En sus brazos la condujo hasta el coche que esperaba en la puerta,
donde la acomodó. El anciano doctor y el buen Lorry se sentaron a su
lado, y Carton se acomodó en el pescante, junto al cochero.
Llegados frente a la verja, al sitio en que horas antes se detuviera
Carton procurando adivinar qué piedras habían hollado los pies de
Lucía, sacó a ésta del coche, y en sus brazos la subió orgulloso hasta
sus habitaciones, acostándola sobre un sofá. Lucita y la señorita Pross
lloraban desconsoladas.
--No haga nada por disipar su desmayo.--dijo Carton a la última con voz
muy baja.--Está mejor así.
--¡Oh Carton, Carton!--gritó Lucita, saltando al cuello de Carton y
rodeándole con sus brazos.--Ahora que ha venido usted, no dudo que hará
algo para consolar a mamá, para salvar a papá. ¡Véala usted, Carton!
¿Puede usted, puede nadie que la quiera contemplarla sin que salte
hecho pedazos su corazón?
Carton dió un beso a la niña, separó con dulzura sus bracitos,
contempló durante algunos segundos a la madre, y dijo:
--Antes de irme... ¿puedo besarla?
Más tarde recordaron los testigos de esta escena que, mientras rozaban
sus labios las mejillas de la desmayada, murmuró algunas palabras.
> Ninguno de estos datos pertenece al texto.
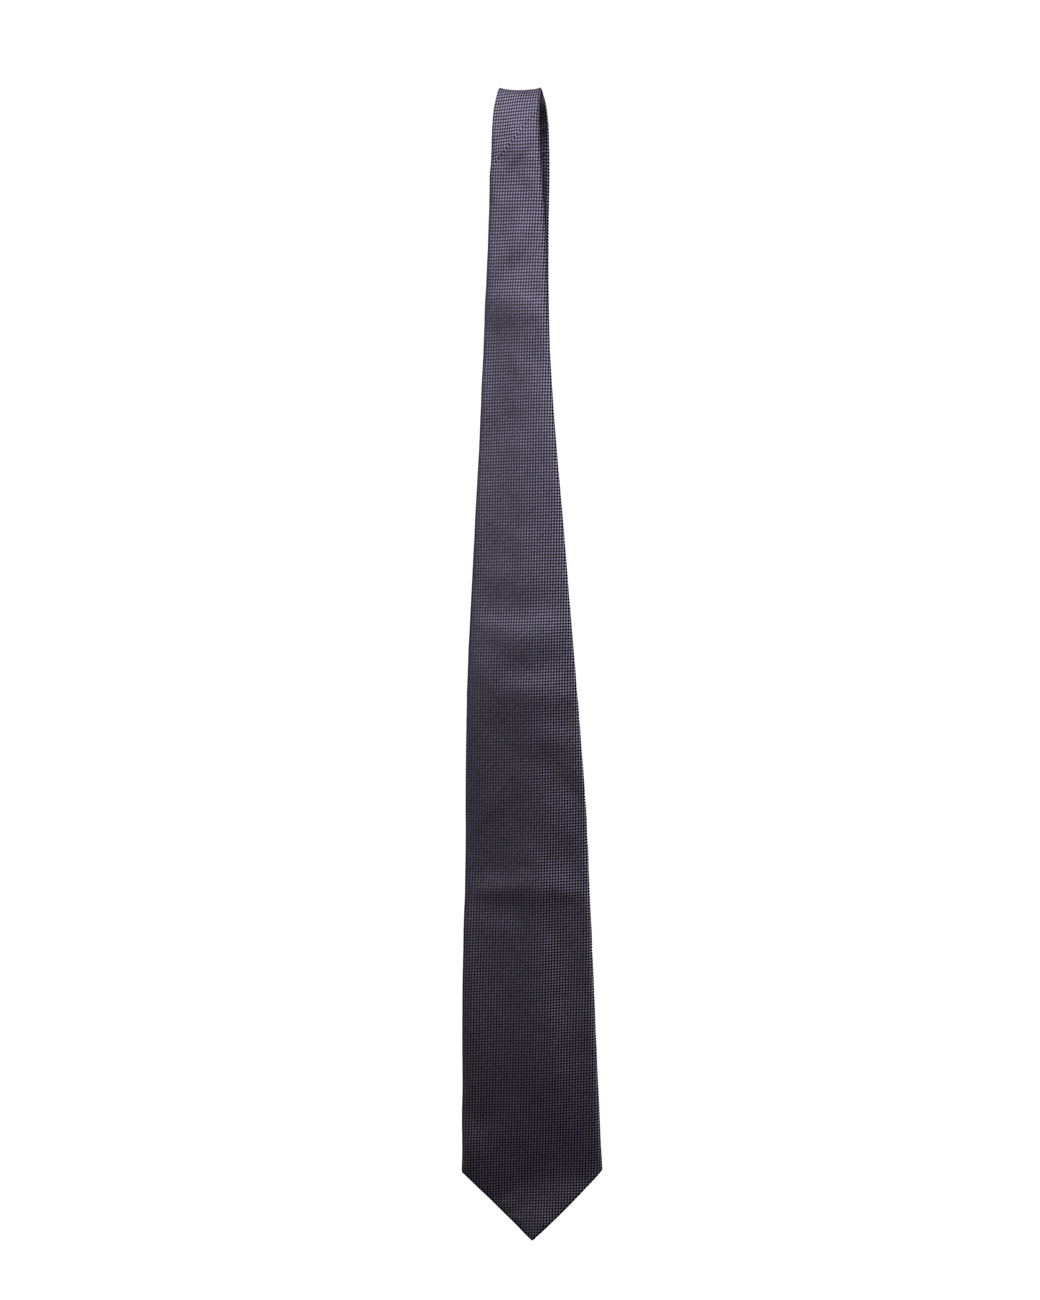 Cravate noire violette Gucci

La
niña, que era la que se encontraba más cerca, dijo después, y repitió
muchas veces a sus nietos, cuando era una viejecita encorvada bajo el
peso de los años: «Es una vida que amas».
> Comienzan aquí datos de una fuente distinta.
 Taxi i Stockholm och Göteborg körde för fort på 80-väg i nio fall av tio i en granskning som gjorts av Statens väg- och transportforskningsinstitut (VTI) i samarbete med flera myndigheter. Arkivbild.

En la habitación inmediata, donde encontró al doctor y a Lorry, dijo al
primero:
--Ayer tenía usted mucha influencia, doctor Manette; debe usted ponerla
toda en juego. Los jueces, y todos los que hoy tienen algún poder, son
amigos suyos y están agradecidos a sus servicios; ¿no es cierto?
--Nada me ocultaron de lo que a Carlos se refería. Abrigaba yo
esperanzas, casi seguridad absoluta de salvarle, y le salvé--contestó
el doctor, hablando con mucha lentitud y con expresión conturbada.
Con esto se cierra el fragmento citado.